Intel® MPI Library
Get help with building, analyzing, optimizing, and scaling high-performance computing (HPC) applications.
2161 Discussions

Using MSMPI.dll - fortran crash forrtl 157

Reeves__Nathan
Beginner
794 Views
 
 

I am trying to get a simple example working across 2 amazon nodes. When I run locally, its all fine. Then when I use -machinefile to launch across both nodes, the sample application on the slave node throws an exception. forrtl 157.  I can run using -machinefile and just run both locally. And I can run using -machine file and just run everything on the remote node.
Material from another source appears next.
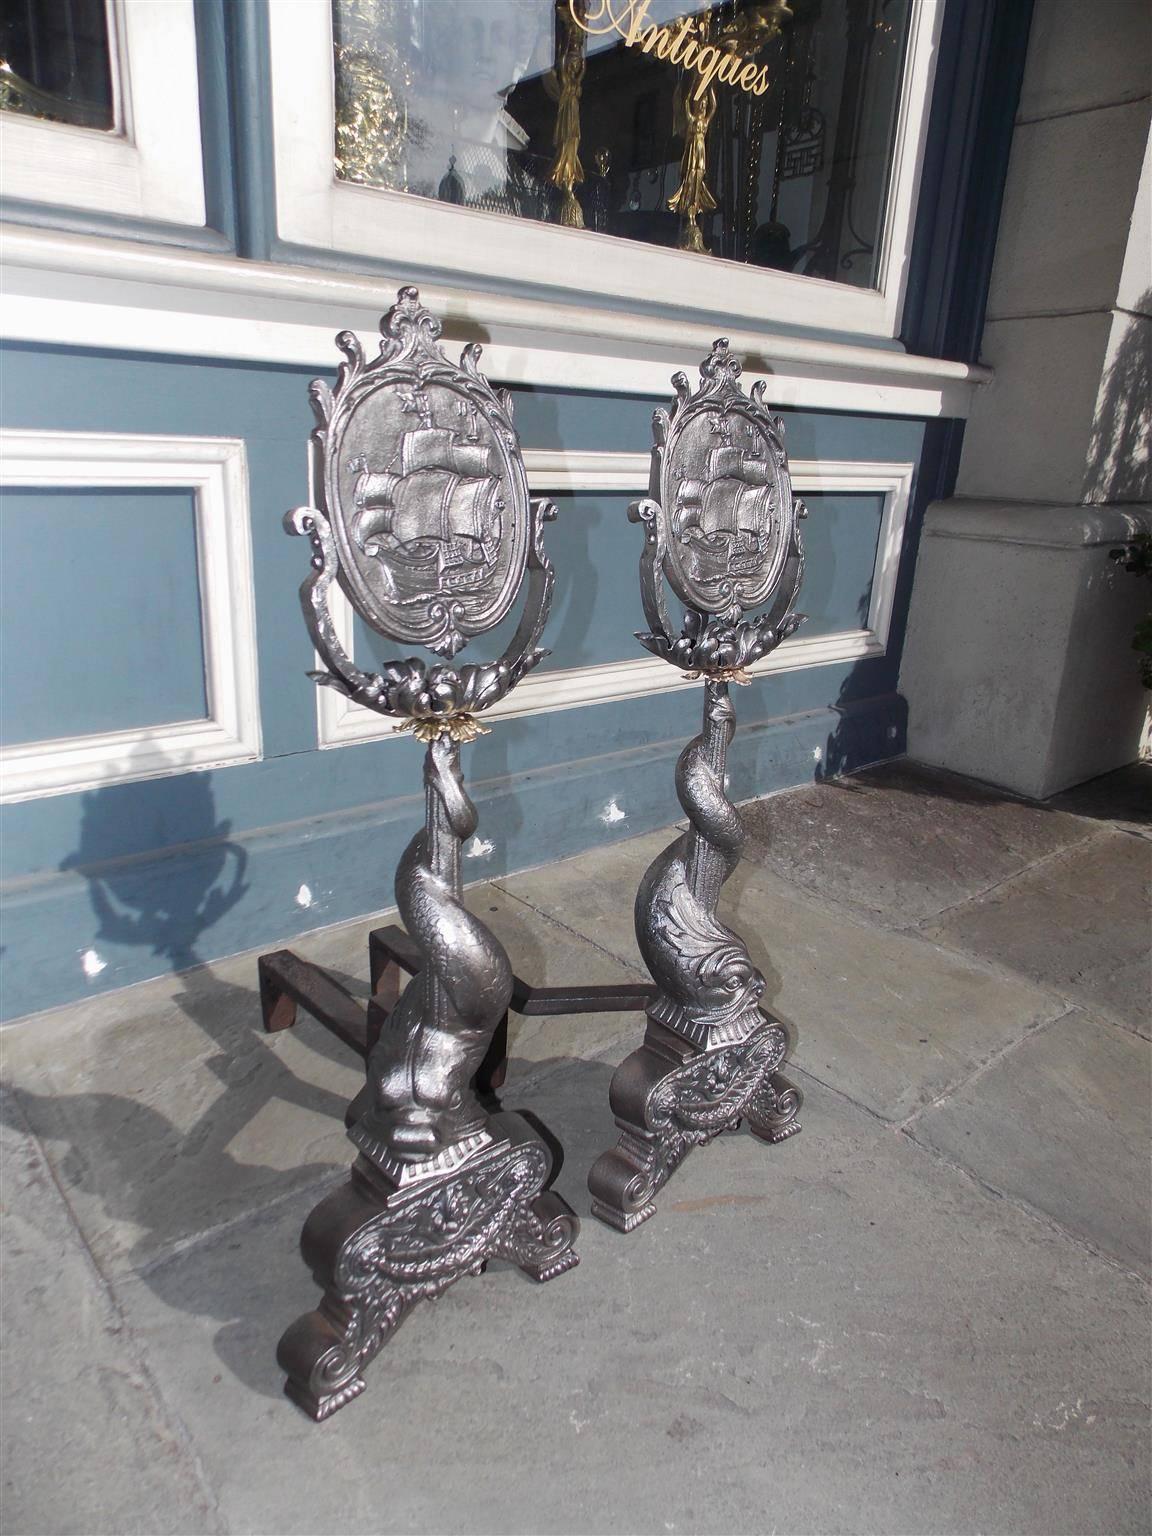 Pair of American polished steel and brass andirons with flanking oval ship medallion finials resting on a floral motif, flanking intertwined dolphins, and terminating on decorative swag bell flower plinths with scrolled feet, Mid-19th Century.

But when I add both addresses to the hosts.txt, it seems the sample application on the slave node crashes. Node names are the same as they are identical amazon images. I have tried disabling firewalls.  It always crashs when the slave node (or rank 1) calls MPI_SEND.  However, when I run with out -machinefile, and just run on the same machine,it all works fine with -n 4 etc.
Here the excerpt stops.